On July 10, 2013, the SEC substantially changed the rules for conducting unregistered offerings in reliance on Rule 506 of Regulation D by:
- Lifting the ban on general solicitation and advertising in offerings where all of the purchasers are accredited investors, so long as the issuer has taken reasonable steps to verify that the purchasers are accredited (new Rule 506(c)); and
- Disqualifying offerings involving felons and other “bad actors” in specified positions
The first of these changes was mandated by the Jumpstart Our Business Startups Act, or JOBS Act, enacted in April 2012, and the second fulfills a requirement of the Dodd-Frank Wall Street Reform and Consumer Protection Act of 2010. At the same time as these two long-anticipated rules were adopted, the SEC proposed new rules that would, among other things, enhance Form D disclosures and filing obligations for issuers of all types and regulate the disclosure of performance data for private investment funds.
The new rules create opportunities for issuers to locate investors directly and are also expected to facilitate the development of online offering platforms run by registered broker-dealers. This, it is hoped, will be useful to smaller companies that may have difficulty attracting the interest of more traditional investment bankers and venture capital firms and could draw more individual accredited investors into the private company investment sphere. In addition, other issuers, such as private investment funds, may find online offerings to be an efficient way of raising capital and disseminating information to prospective accredited investors. Finally, issuers not intending to conduct a general solicitation may rely on the rule as a backstop in the case of inadvertent public disclosure, or to avoid having to make difficult decisions as to whether their regular communications rise to the level of general solicitation when they are conducting an unregistered offering. Use of general solicitation in reliance on new Rule 506(c) must be noted on the issuer’s Form D filing.
In exchange for this new latitude, issuers must exercise greater vigilance in determining whether their investors are accredited, if there is a general solicitation. The SEC adopted a principles-based approach, stating that the degree and type of diligence would vary with the nature of the investor, the information that the issuer has about the investor, and the nature and terms of the offering. In addition, the SEC created safe harbors, allowing issuers to rely on certain types of information for individual investors and permitting reliance on determinations made by third parties, such as registered broker-dealers, investment advisers, accountants and attorneys. If there is no general solicitation, issuers need not change their due diligence practices for verifying whether investors are accredited.

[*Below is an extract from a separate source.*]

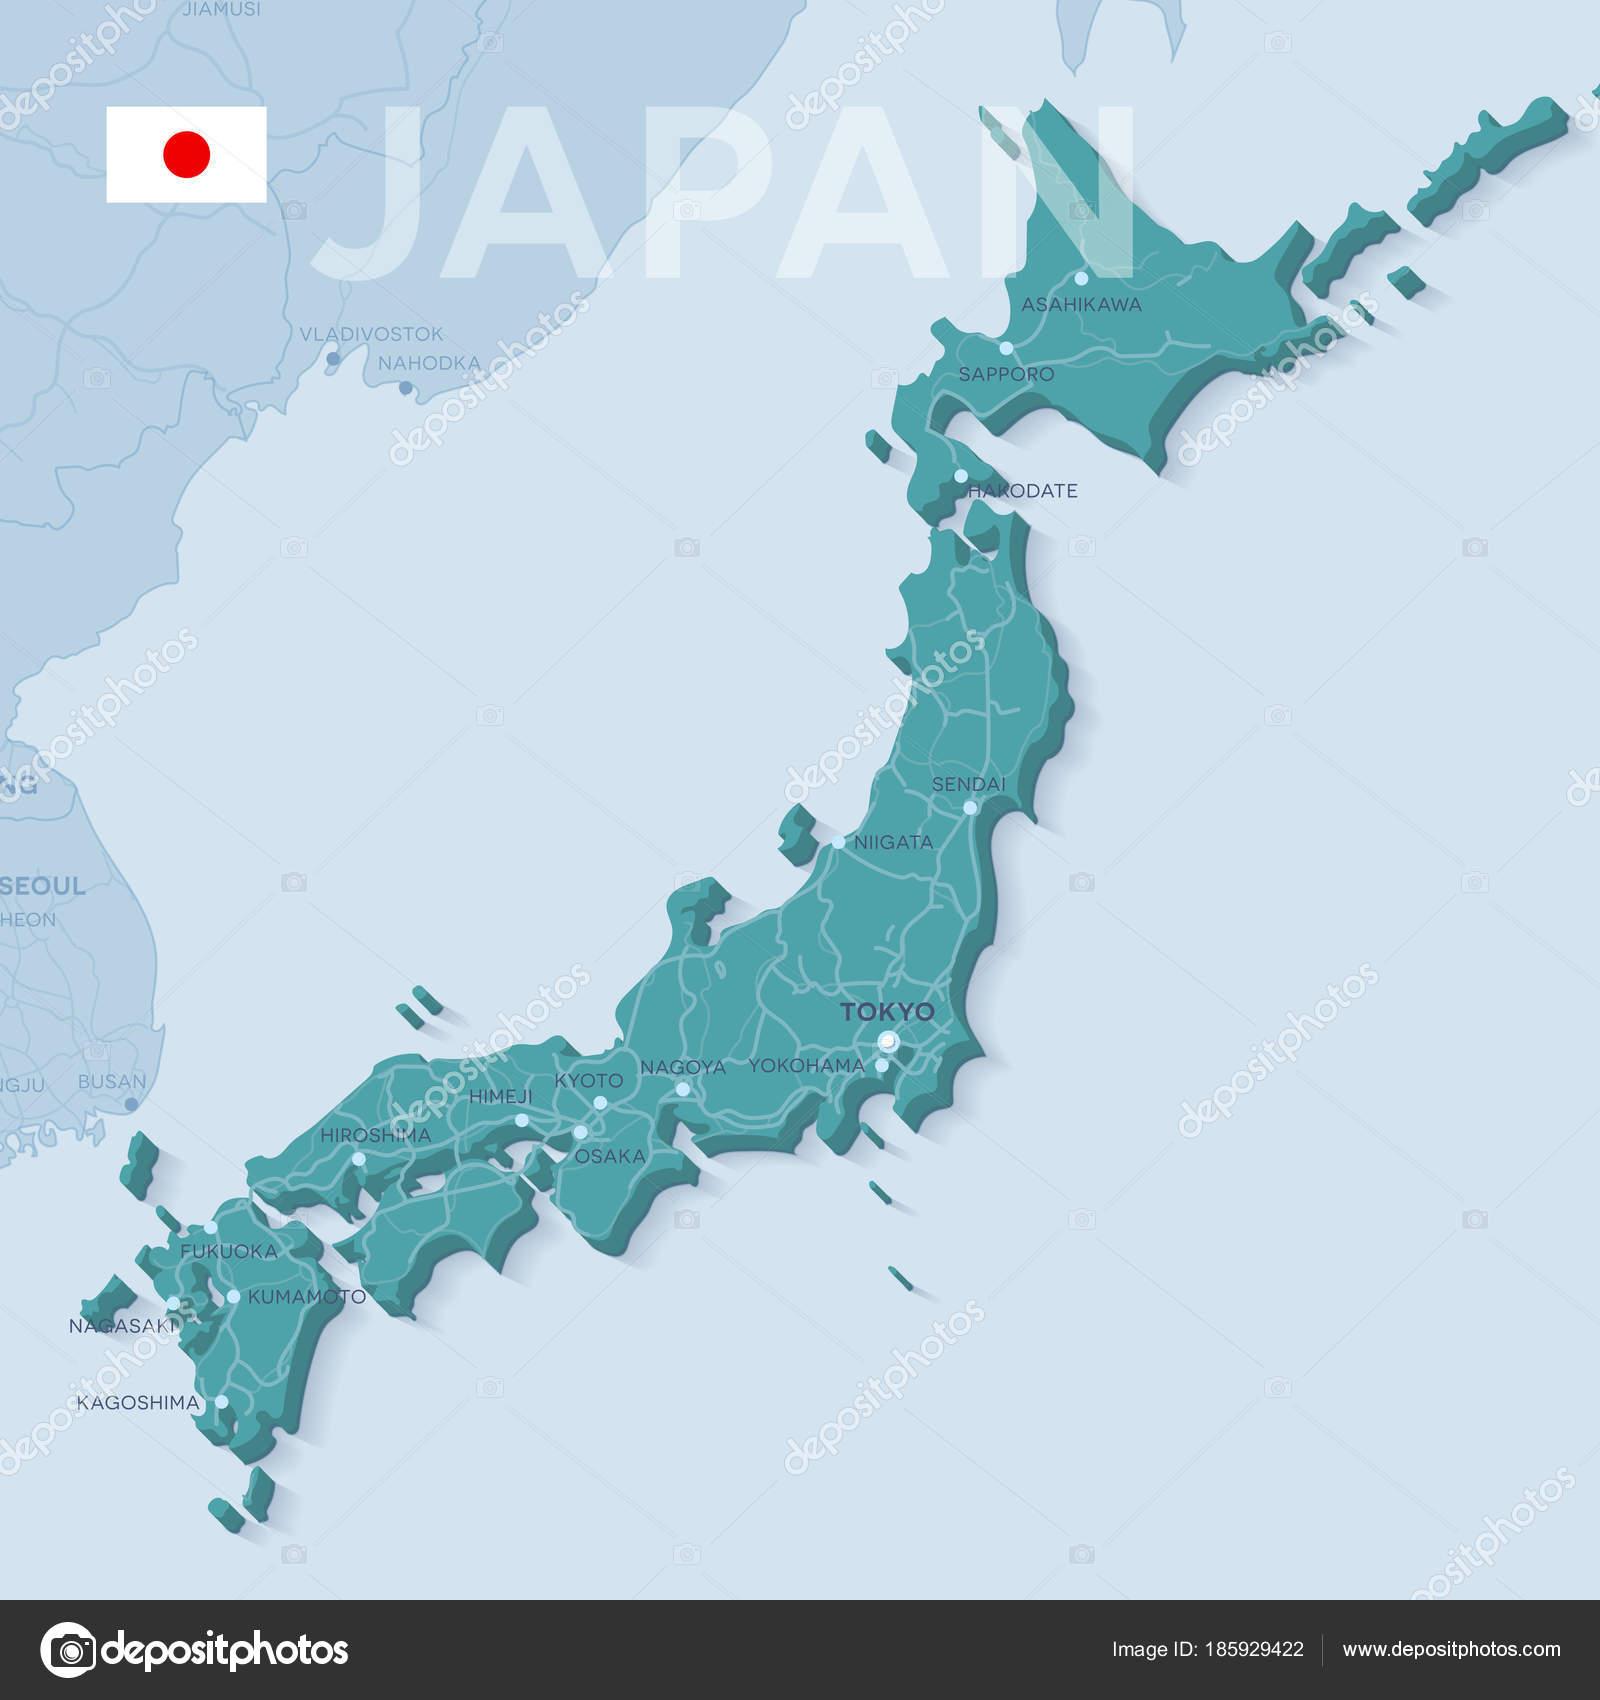 Verctor Map Of Cities And Roads In Japan Stock Vector C Snyde

Whether or not there is a general solicitation, issuers and other parties involved in the offering must be careful to determine that the offering will not be disqualified as a result of the bad actor provisions. While these provisions will presumably affect only a small number of offerings, the disqualification could arise from unexpected quarters, including a predecessor or affiliated issuer, a 20% beneficial owner, a director or executive officer, a non-executive officer participating in the offering process, a person compensated for soliciting investors, or a general partner, managing member or investment manager of an investment fund. Matters adjudicated prior to the adoption of the bad actor provisions will not disqualify an offering but must be disclosed to investors. The Form D to be filed by the issuer includes a certification that there is no bad actor disqualification.
For private investment funds, the new rules offer the assurance that general solicitation in accordance with new Rule 506(c) will not be deemed to be a public offering that would prevent reliance on the Section 3(c)(1) or 3(c)(7) exclusions from the Investment Company Act of 1940, as amended. Private investment funds, particularly hedge funds, should be mindful of the fact that the SEC’s proposed rules would impose new disclosure requirements on them and should consider adopting these disclosures proactively.
The new rules also permit the use of general solicitation in Rule 144A offerings, so long as all of the purchasers are qualified institutional buyers, and clarify that general solicitation made in a Rule 506(c) or Rule 144A offering will not constitute “directed selling efforts” in the United States that would jeopardize a Regulation S offering outside the United States.
On balance, the new offering rules appear to offer more opportunities than due diligence pitfalls, but they come with a willingness on the part of the SEC to explore new regulation and mandated disclosures for unregistered offerings.